Factor-Conditioned Speaking-Style Captioning
This work addresses the challenge of improving speaking-style captioning for applications like audio description or accessibility tools, though it appears incremental as it builds on existing captioning methods.
The paper tackles the problem of generating diverse and accurate speaking-style captions by introducing factor-conditioned captioning (FCC) to explicitly learn speaking-style factors, and greedy-then-sampling (GtS) decoding to balance accuracy and diversity. The results show that FCC outperforms original caption-based training and, with GtS, generates more diverse captions while maintaining style prediction performance.
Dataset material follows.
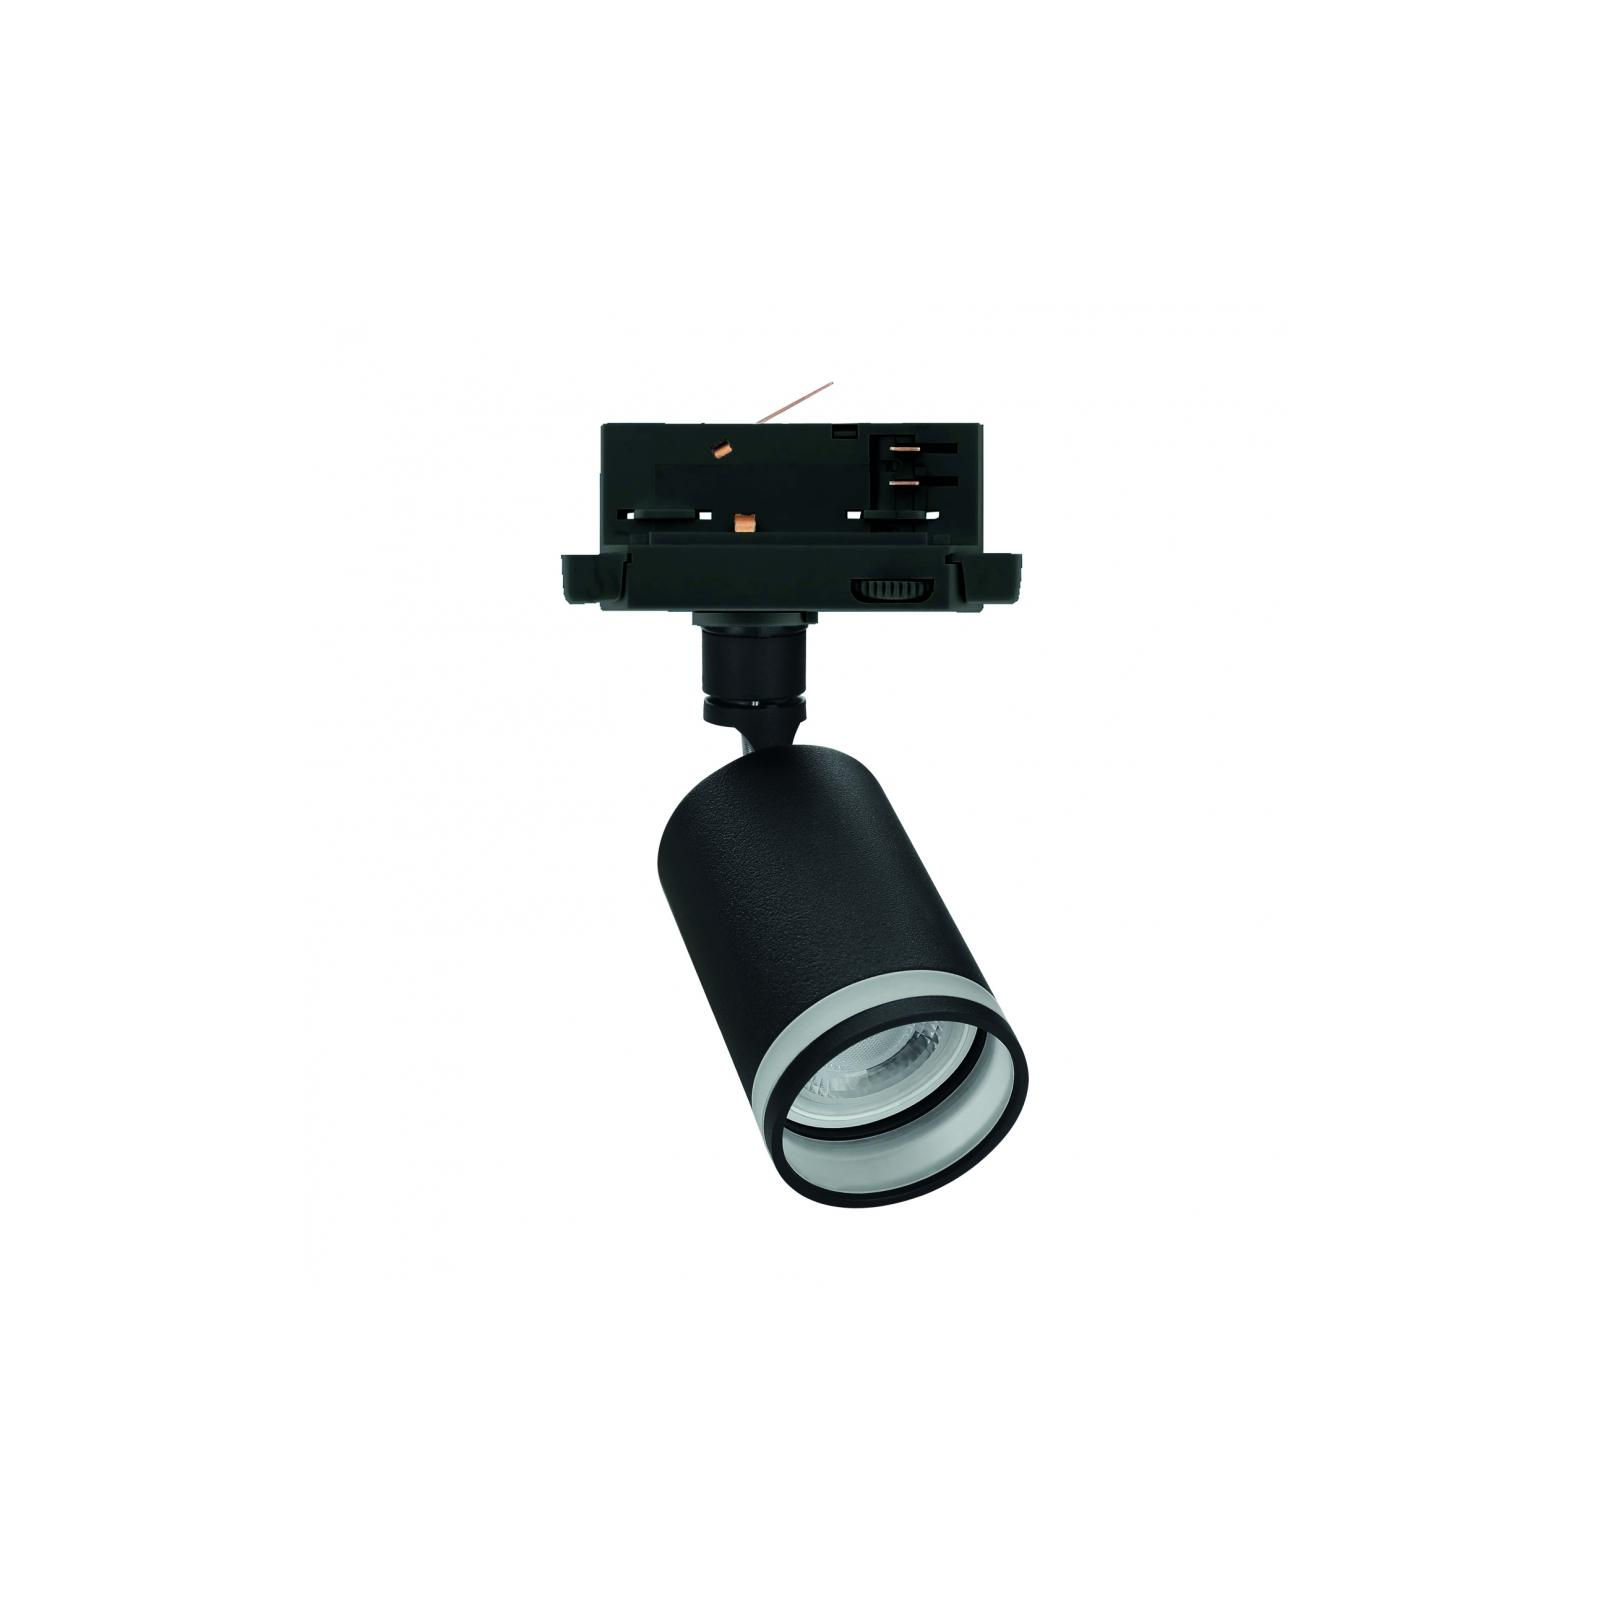 SPECTRUM MADARA MINI RING GU10 3F Černá SLIP003011
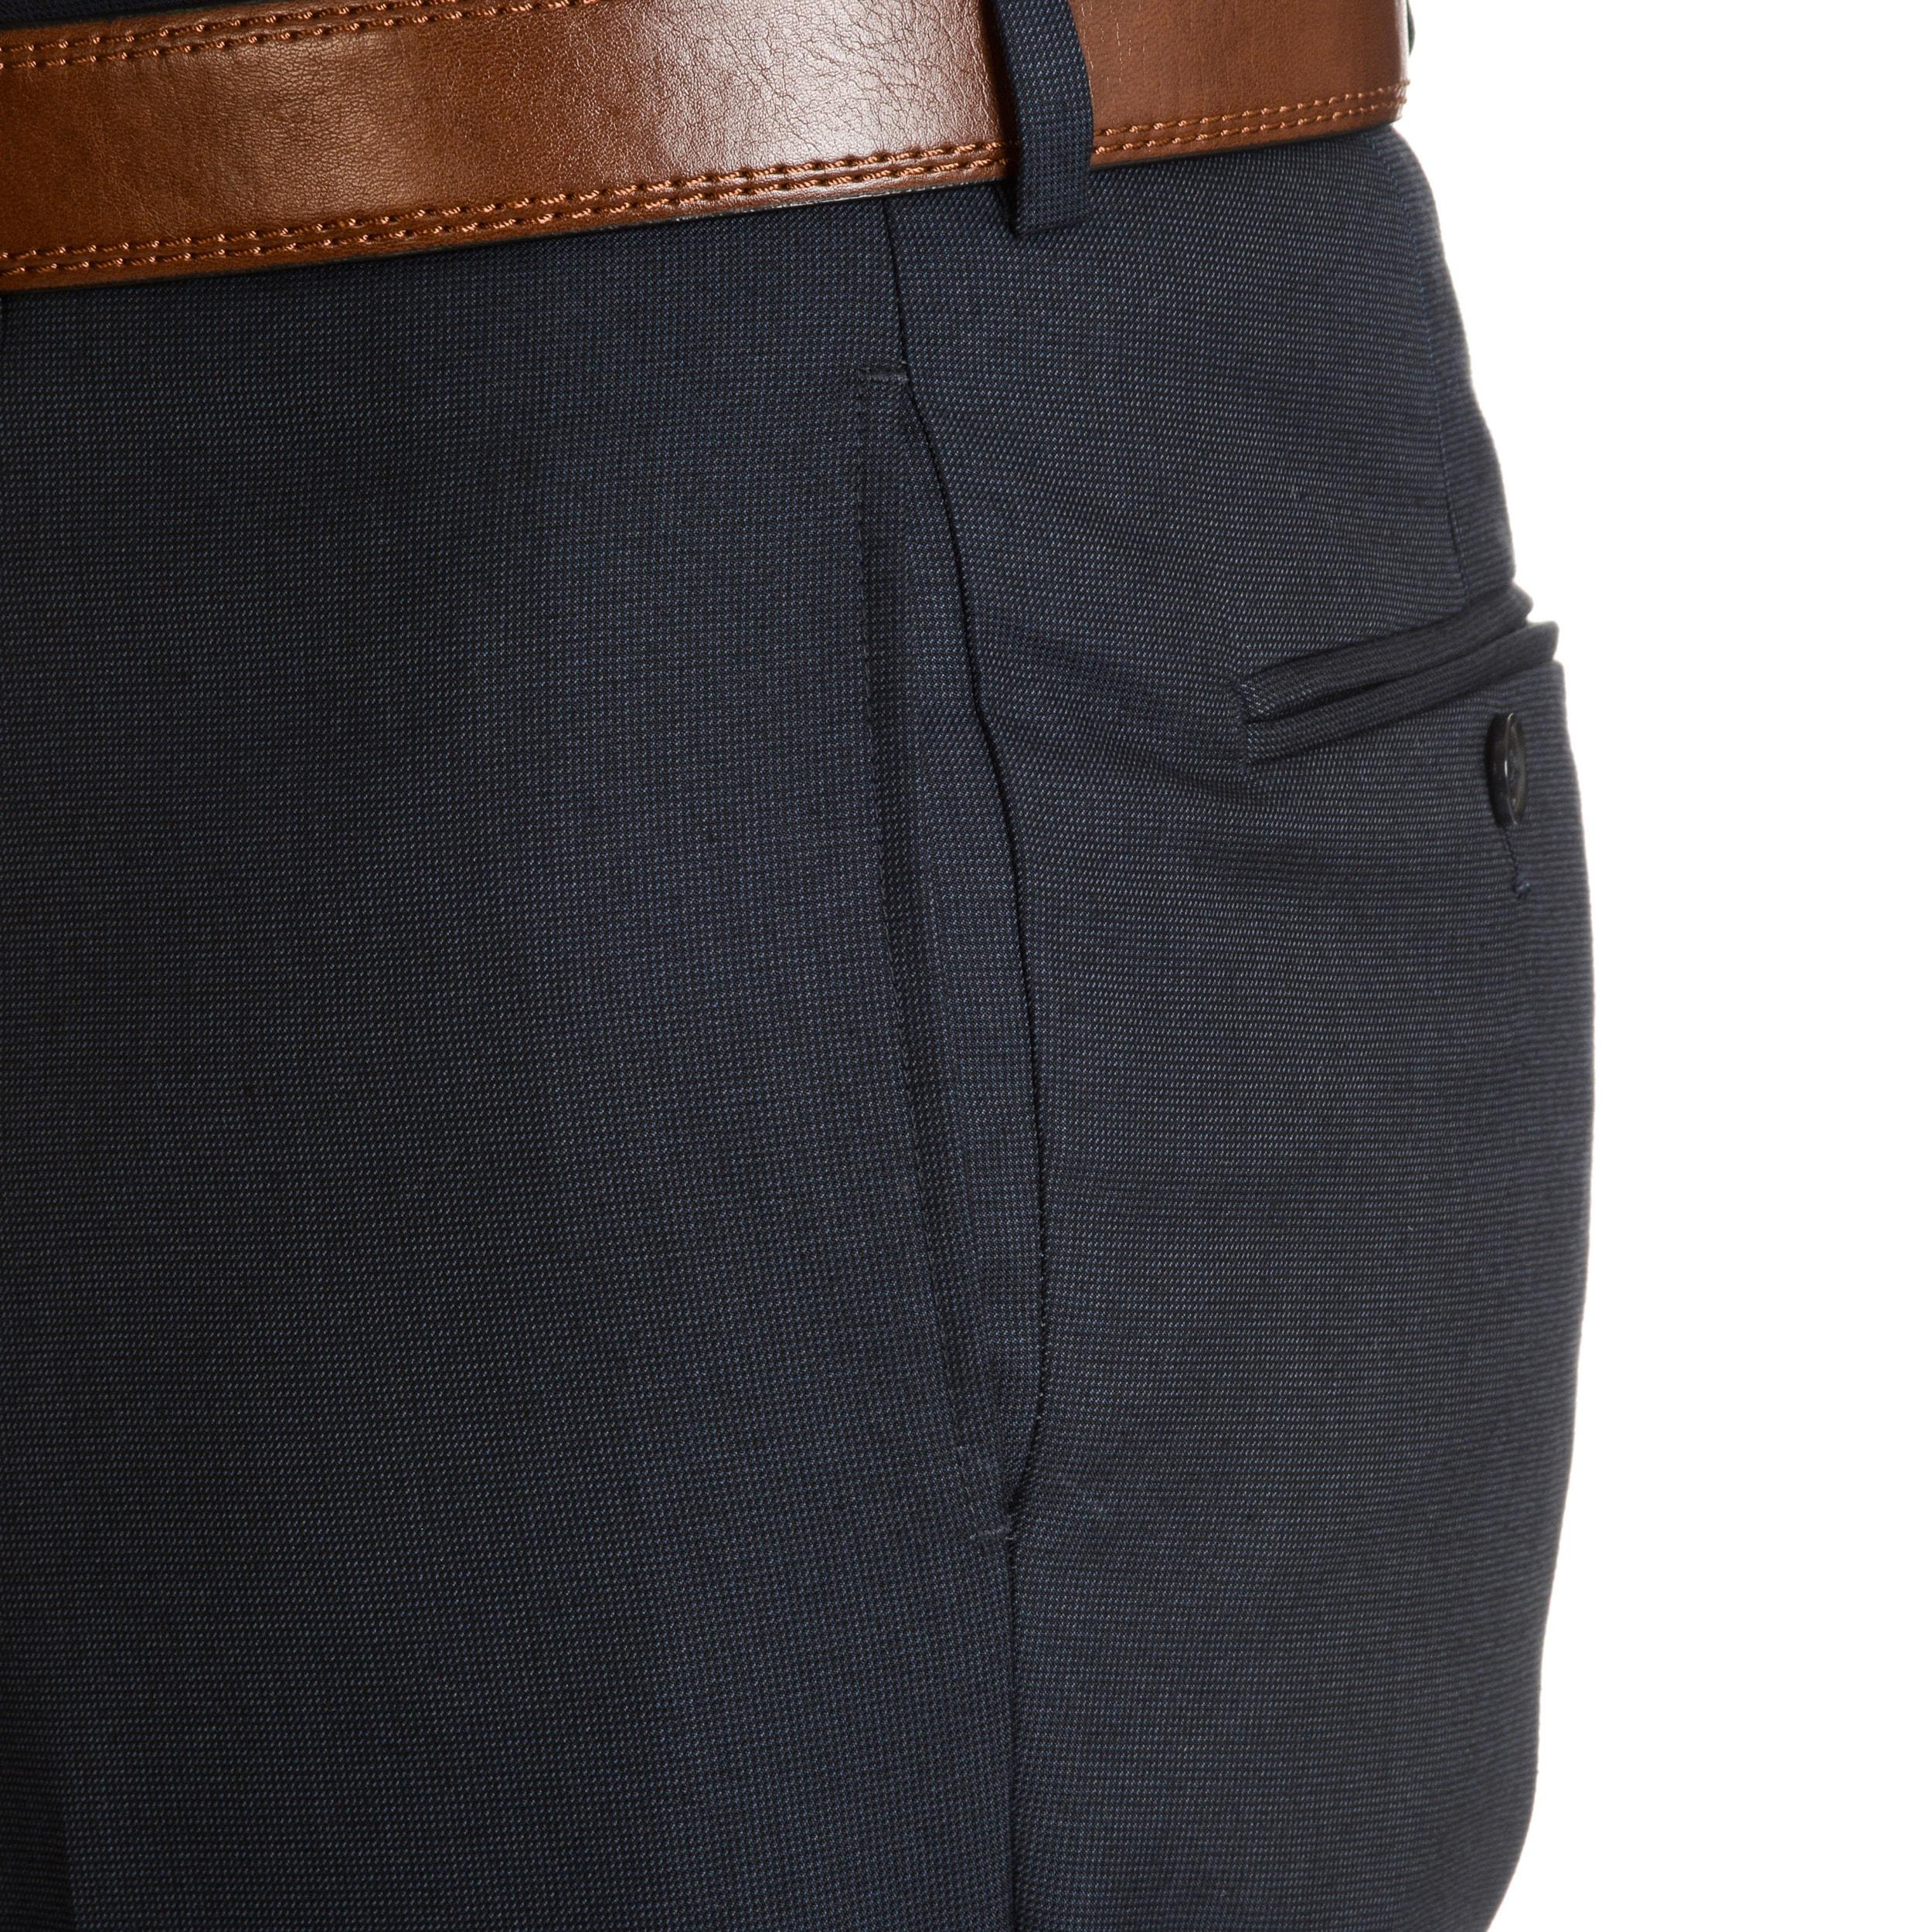 Outlet Popular Pick A Best Cheap Online Leather Slim Fit Mini Skirt UK12 - Sales Up to -50% Tommy Hilfiger Sale Get Authentic 9Qx6qD

This paper presents a novel speaking-style captioning method that generates diverse descriptions while accurately predicting speaking-style information. Conventional learning criteria directly use original captions that contain not only speaking-style factor terms but also syntax words, which disturbs learning speaking-style information. To solve this problem, we introduce factor-conditioned captioning (FCC), which first outputs a phrase representing speaking-style factors (e.g., gender, pitch, etc.), and then generates a caption to ensure the model explicitly learns speaking-style factors. We also propose greedy-then-sampling (GtS) decoding, which first predicts speaking-style factors deterministically to guarantee semantic accuracy, and then generates a caption based on factor-conditioned sampling to ensure diversity. Experiments show that FCC outperforms the original caption-based training, and with GtS, it generates more diverse captions while keeping style prediction performance.